**Try it**
Print the line containing "Great Pad Thai" and all lines after it, unchanged, through the end of the data. Leave the pictures out.

**Recorded data**
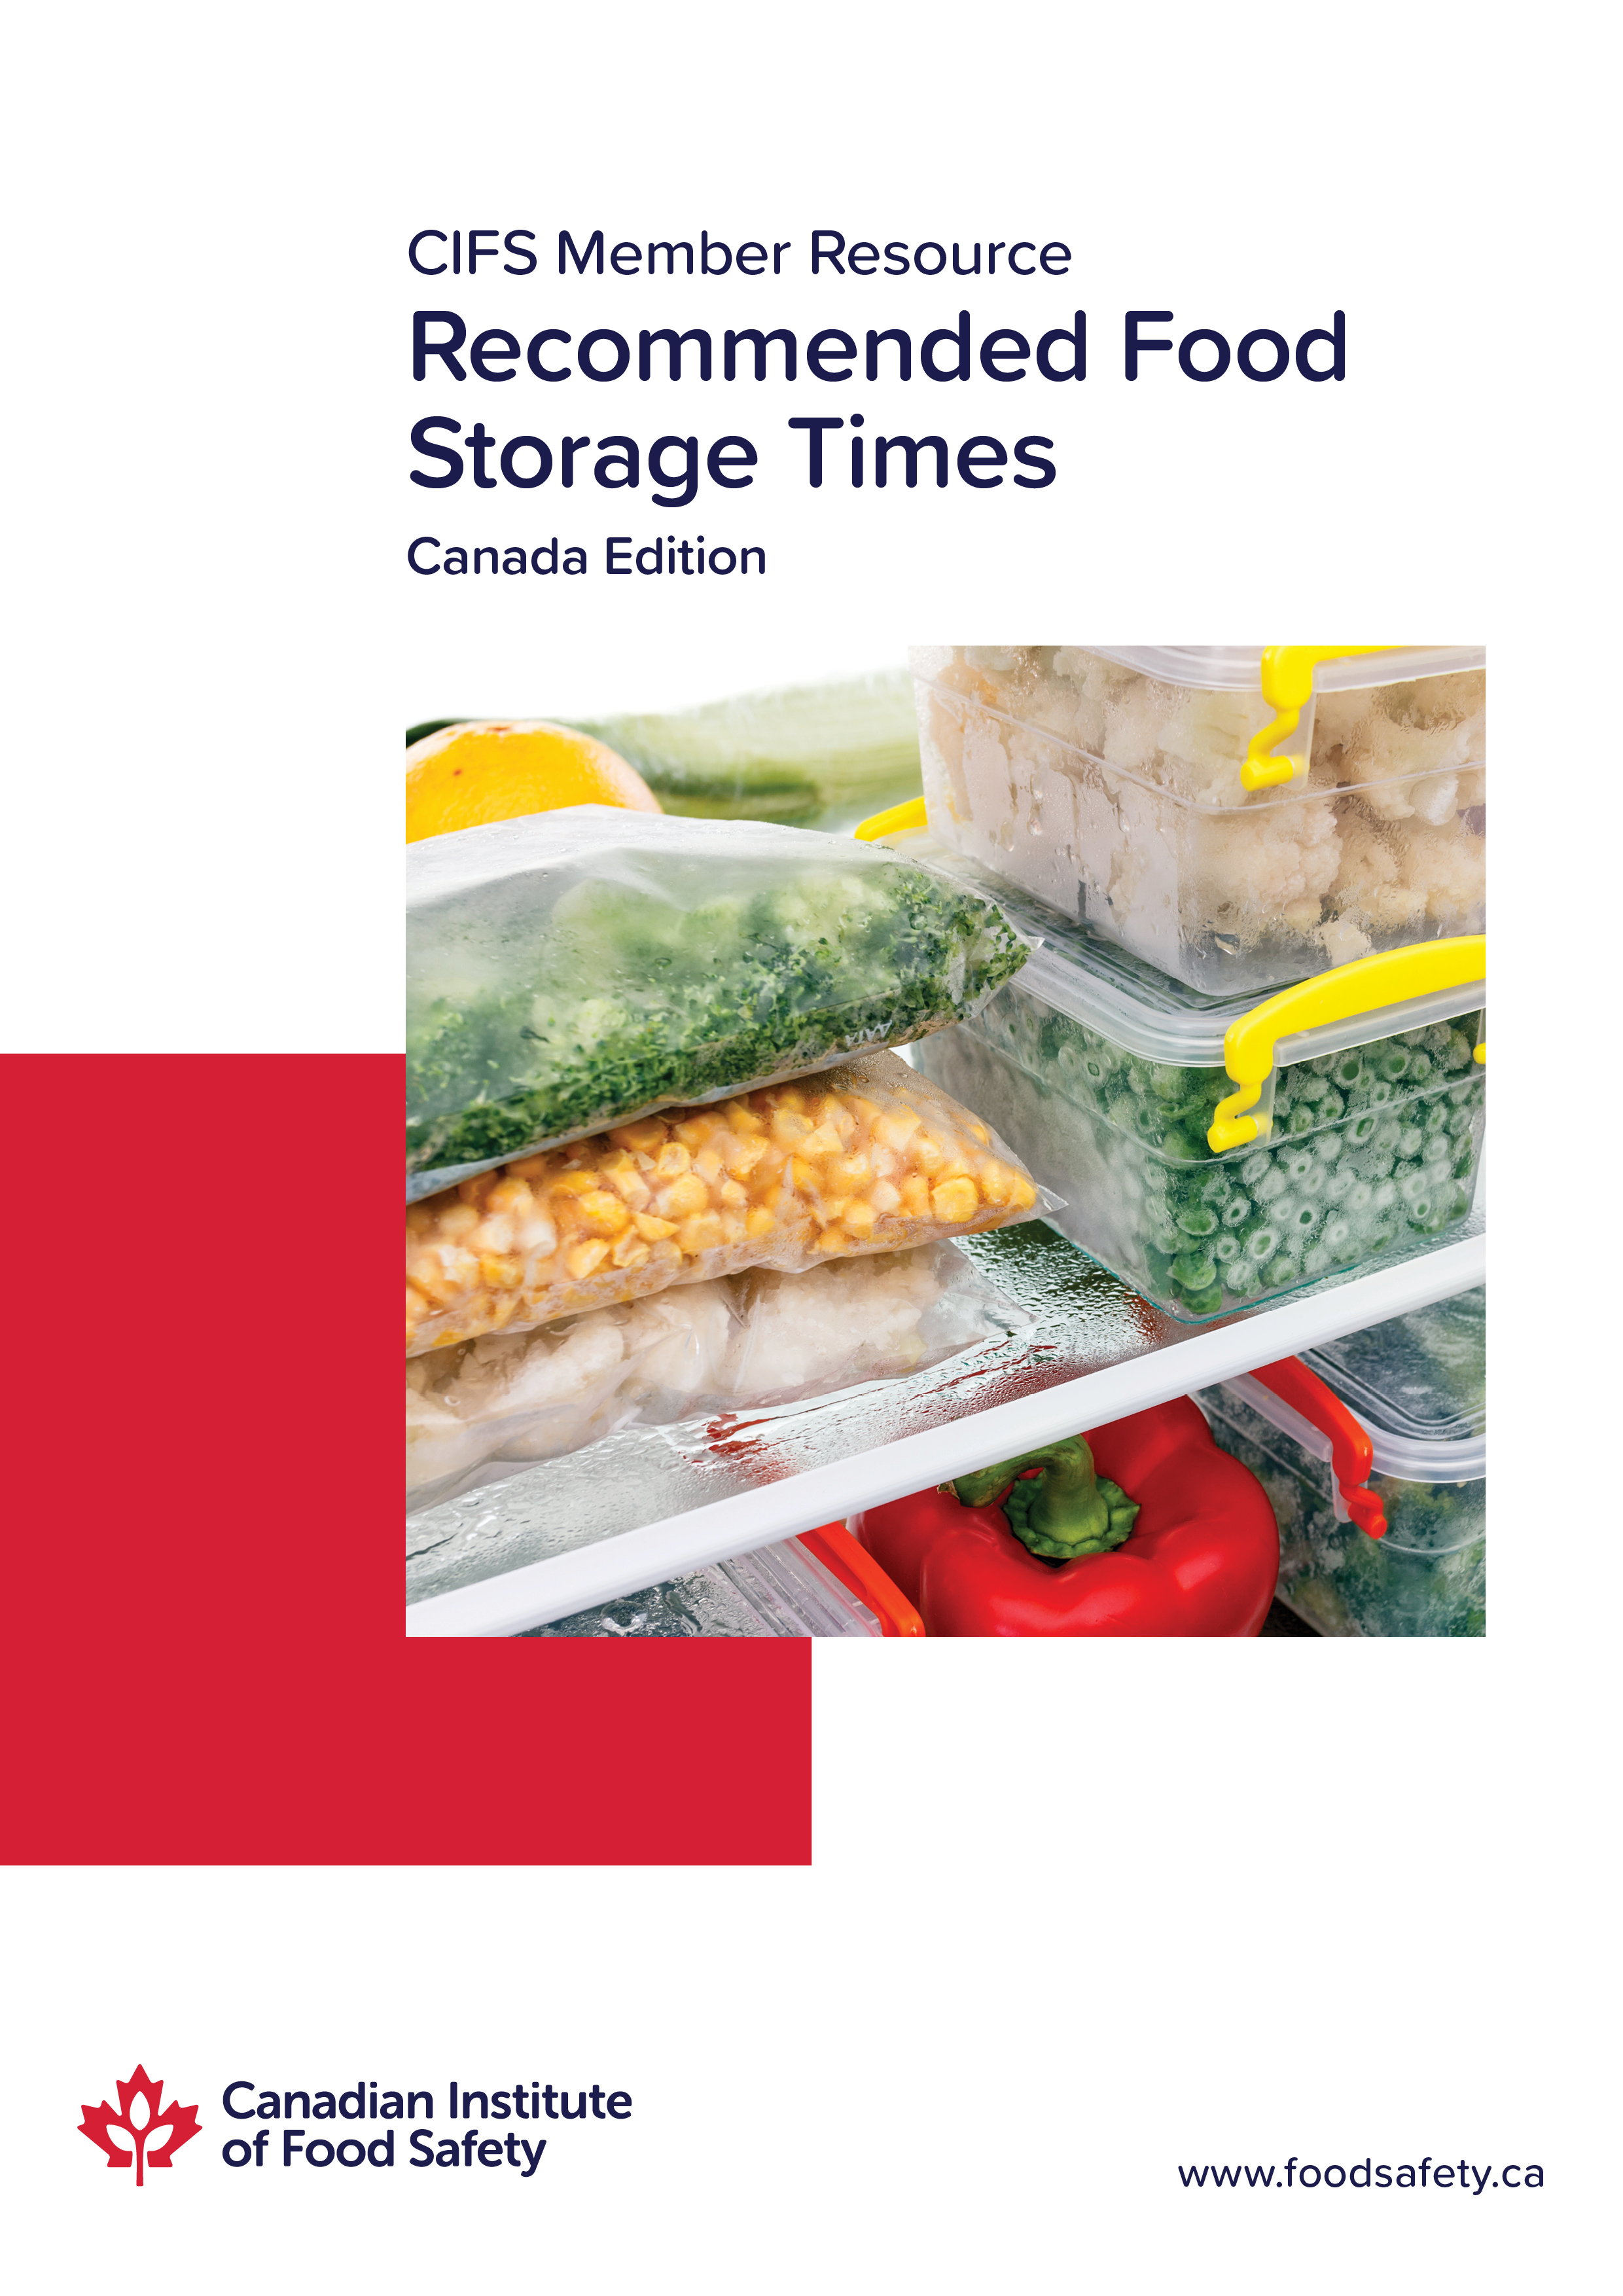 Proper Food Storage
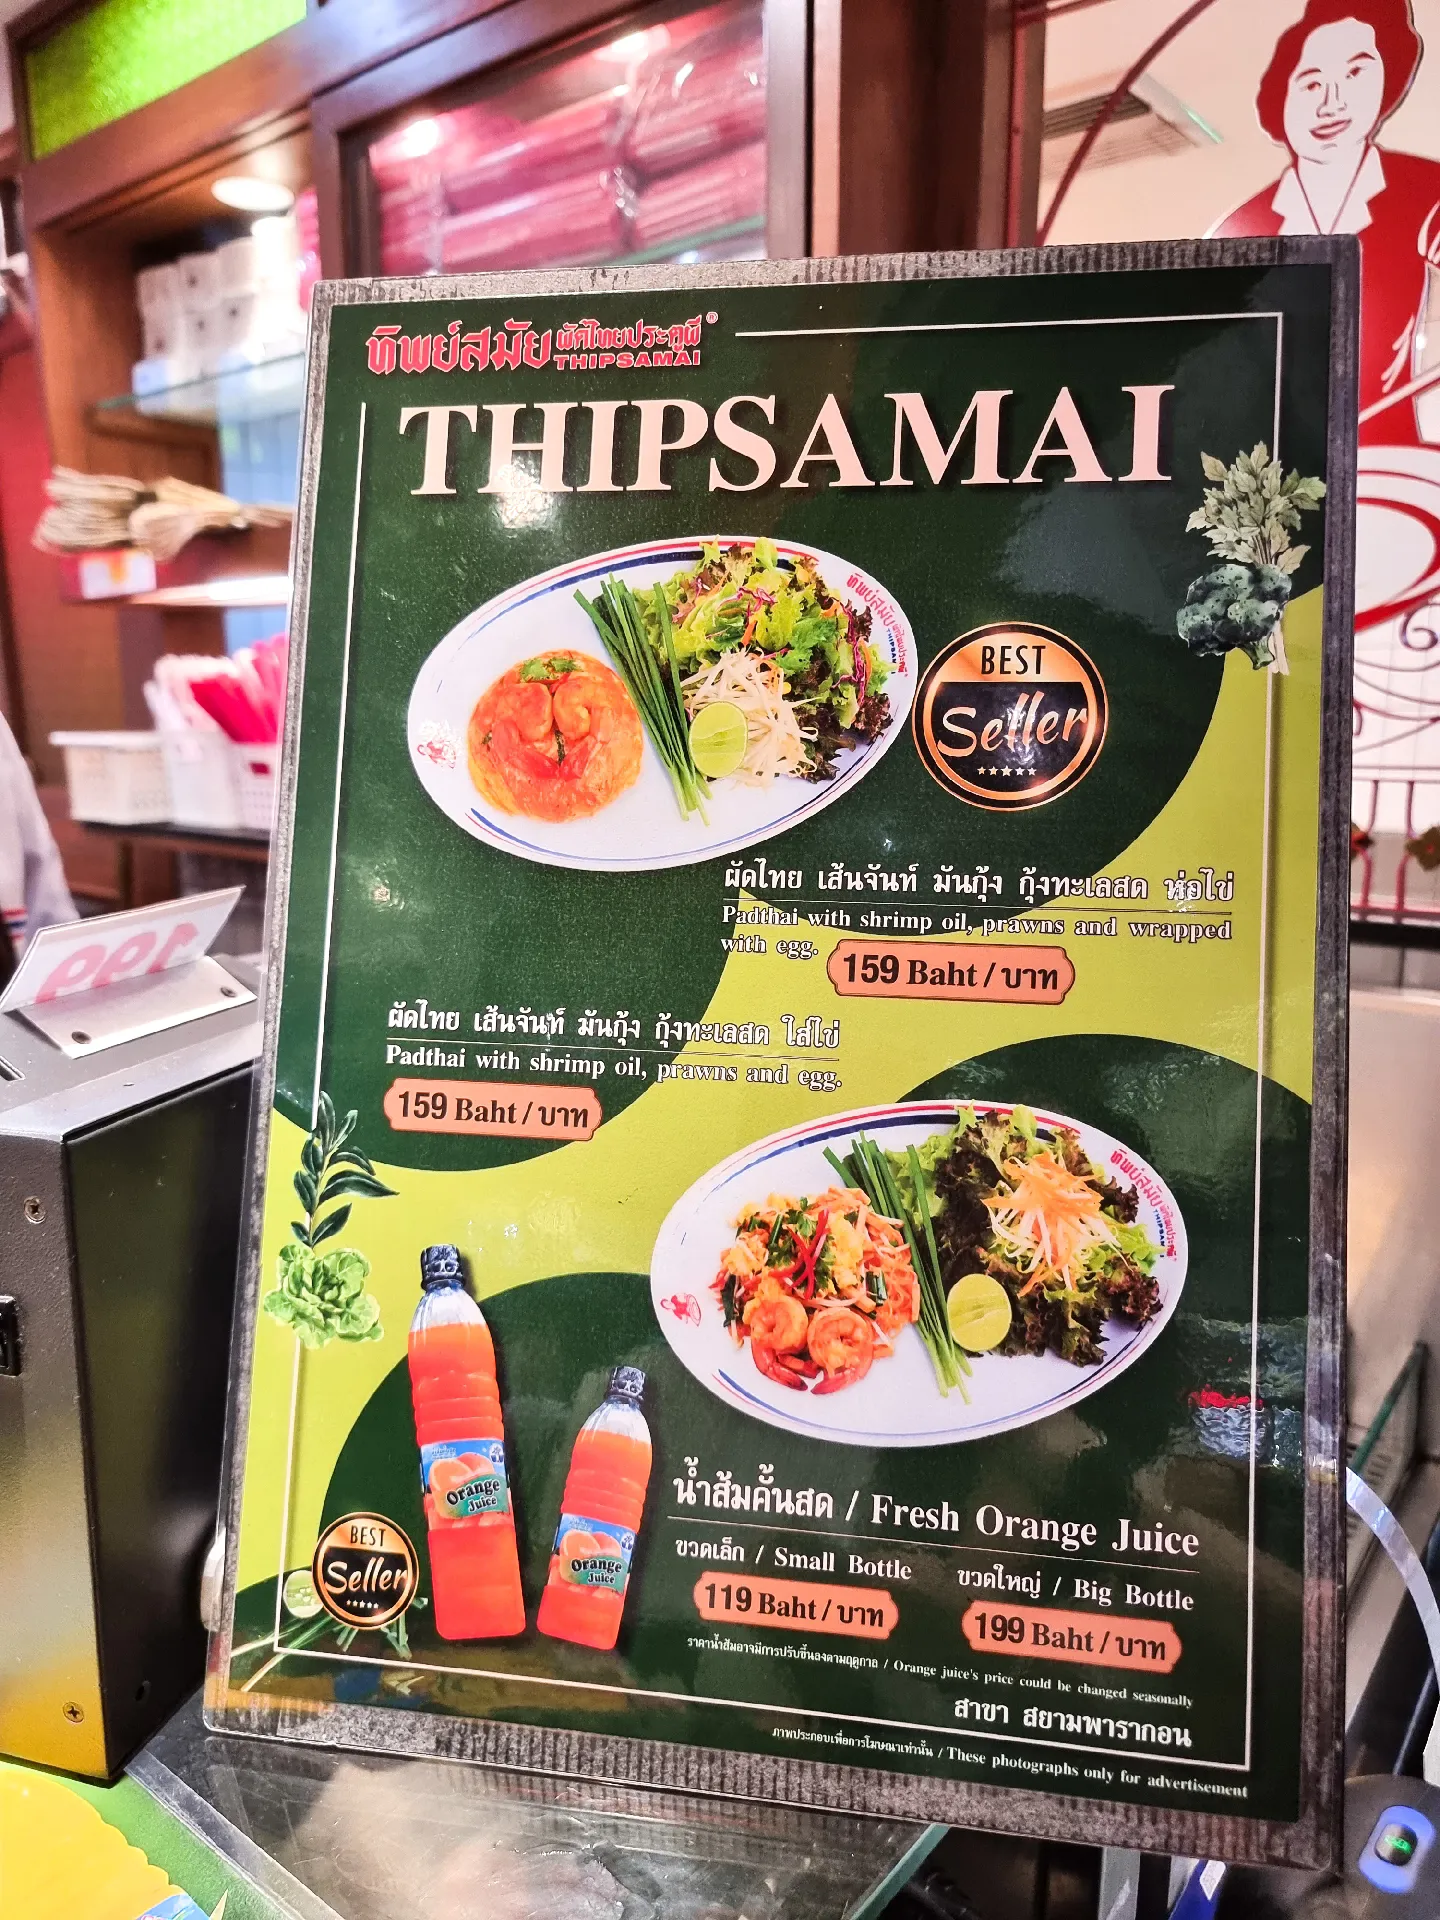 Great Pad Thai place - Review of Thipsamai ICONSIAM, Bangkok, Thailand -  Tripadvisor
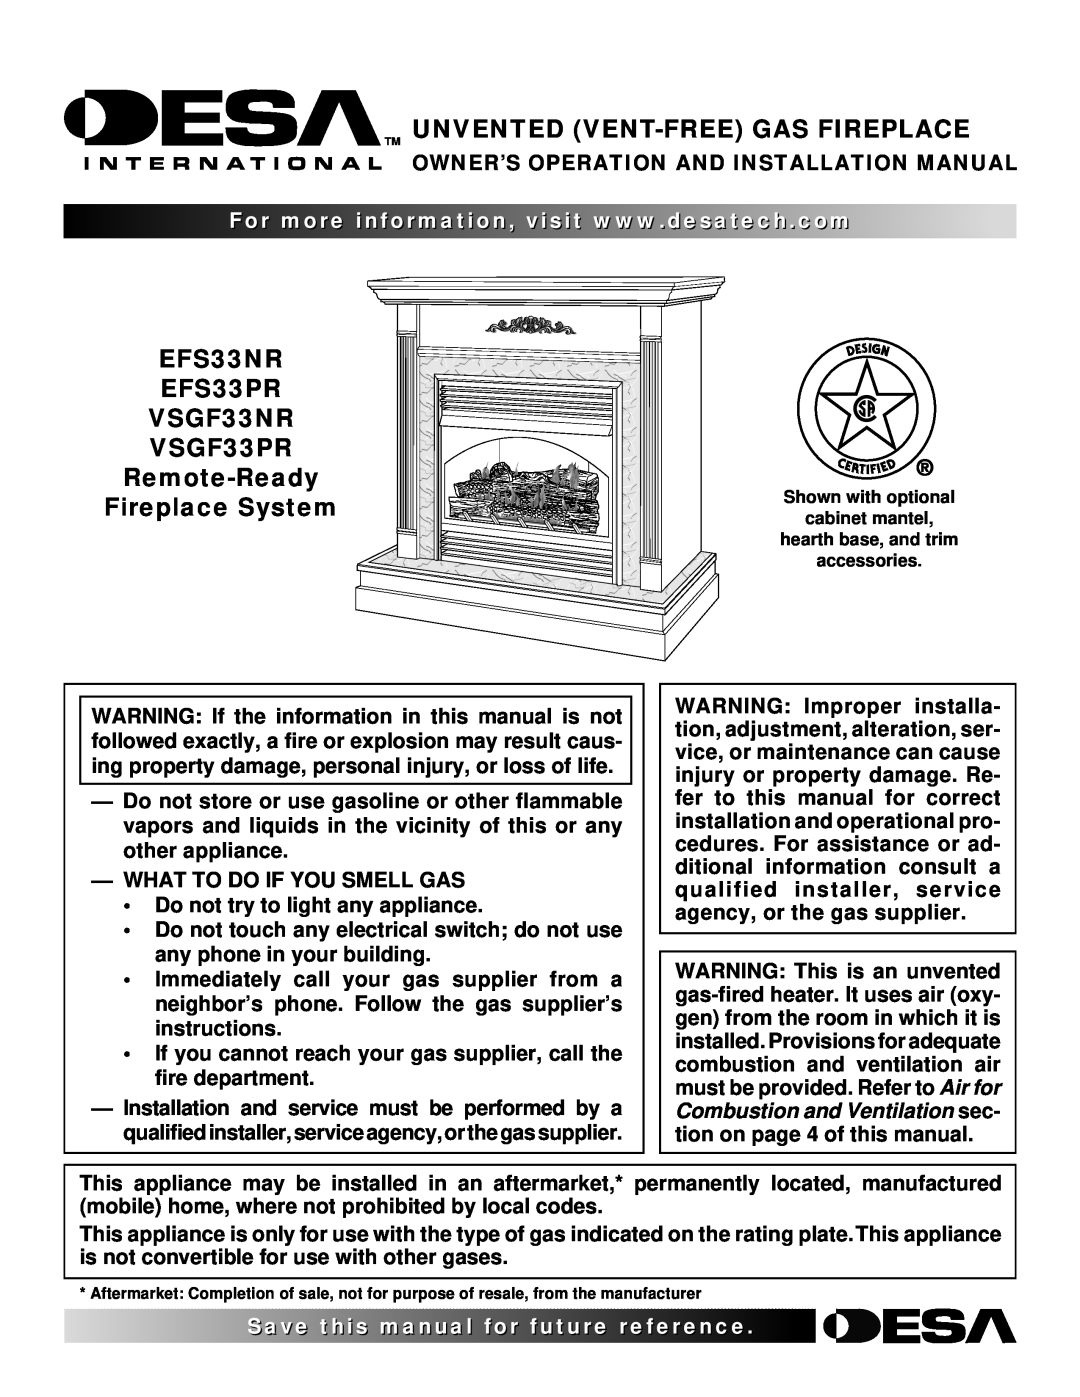 Desa EFS33PR installation manual Owner’S Operation And Installation Manual, What To Do If You Smell Gas, Fireplace System

**Task output**
 Great Pad Thai place - Review of Thipsamai ICONSIAM, Bangkok, Thailand -  Tripadvisor
 Desa EFS33PR installation manual Owner’S Operation And Installation Manual, What To Do If You Smell Gas, Fireplace System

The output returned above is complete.